Utopian Turtletop. Monsieur Croche's Bête Noire. Contact: turtletop [at] hotmail [dot] com

Thursday, November 02, 2006

Back to Nostalgia for the Future

After I posted this morning, mostly rejecting the notion of “nostalgia for the future,” I remembered something Eliot Weinberger wrote: that the post-War generation was the first to have grown up without the assurance of a future for the species, and that every subsequent generation has never known life without the shadow of extinction. The prospect of nuclear catastrophe makes any future questionable.

Maybe that’s what the future-nostalgists are talking about. A nostalgia for a past in which our species was guaranteed a future.

There is something to that, but I don’t think that is what they are talking about. I have no doubt that Michael J. Fox is nostalgic for a culture which believed in a future of scientific progress. And maybe his hope for a cure constitutes a nostalgia for the future.

* * *

All-time worst fake-nostalgic moment in the movies: In Field of Dreams, with the fictional cantankerous black Civil Rights writer played by James Earl Jones waxing nostalgic for pre-Jackie Robinson pro ball. In the book (Shoeless Joe), the cantankerous nostalgic writer is named J. D. Salinger. Much more interesting -- with the benefit of not being insulting to our sense of decency.

Though a suburban white kid teaching Chuck Berry his licks has to rank down there too.

You want Chuck’s guitar source, check out Sister Rosetta Tharpe.

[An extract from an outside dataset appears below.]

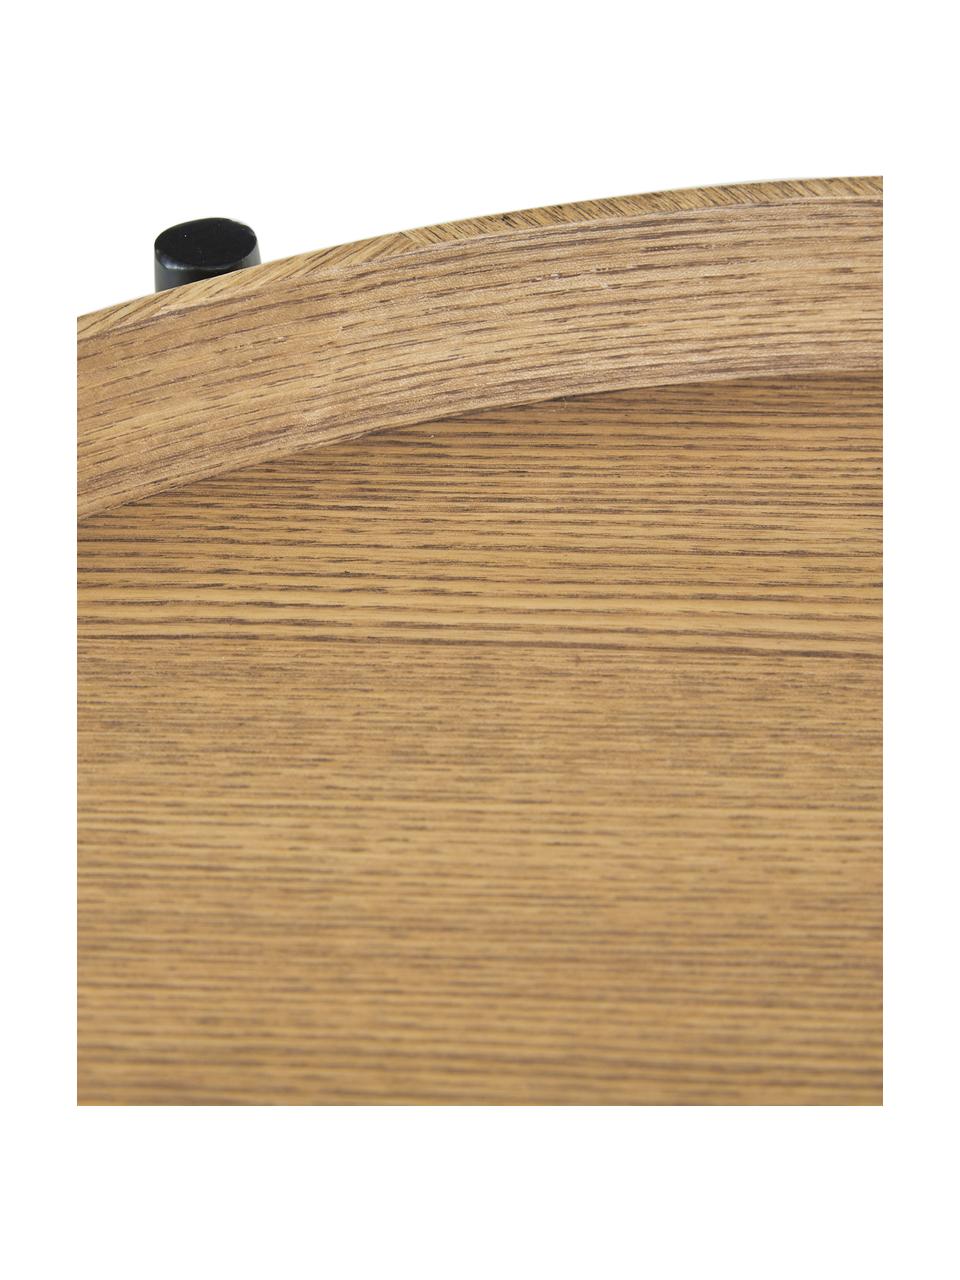 Holz-Beistelltisch Renee mit Eschenholzfurnier, Gestell: Metall, pulverbeschichtet, Eschenholz, Ø 44 x H 49 cm

(No relation, as far as I know, to Dylan’s new collaborator Twyla. The collaboration was Dylan’s idea. Will anybody ask him why, or what he thinks of it?)

Keep on rockin’.
OT, is that Pete Seeger in the background, rockin' out to SRT?


Omigosh -- it is!

The pic is from a Newport Folk Fest in the early '60s, so he would have been there. I'll have to check his book to see if he says anything about her.
Let me throw in my 2 cents re "nostalgia for the future" (a term I remember first encountering 15-20 years ago, though I can no longer remember where--and even worse, I can't remember what the writer meant by it, either, though I do remember being impressed & charmed by the concept.)
"Nostalgia," as you pointed out in one of your earlier posts, means the pain & suffering of a lost home. "Home" is the key here: "Nostalgia for the future" must then mean, in some sense, the pain & suffering resulting from the inability to reach a home that exists ONLY in the future--a paradoxical "home" where you have never yet been. And it seems to me that this is exactly the feeling about himself--and the myth of himself--Dylan lays out at the very beginning of the Scorsese film when he says he had a sense as a child (or so he says--probably a lot of back remembering here) of being born a far distance from his home & that his life would be a journey home. He takes this one step further (implicitly) in "Beyond the Horizon," a song from the new CD Modern Times, which is about a home we are all seeking and will NEVER get to & so will always be in the future--but a real home nonetheless, a home that for all ita unattainabbility is strangely comforting & reassuring. The whole feeling of this song is what I would call a "nostalgia for the future." It's a feeling that first surfaces in Dylan at the very end of "Highlands," where the Highlands is a mythical place he is heading but can't get to--"but I'm there in my mind/and that's good enough for now."
It wouldn't surprise me to discover (or be reminded) that whoever coined this term did so in a religious/spiritual context.
Thanks, John H.

I remember thinking when I heard Highlands that death was Dylan's Highlands. In the original Robert Burns poem, he waxes nostalgic for a physical place -- the Scottish Highlands.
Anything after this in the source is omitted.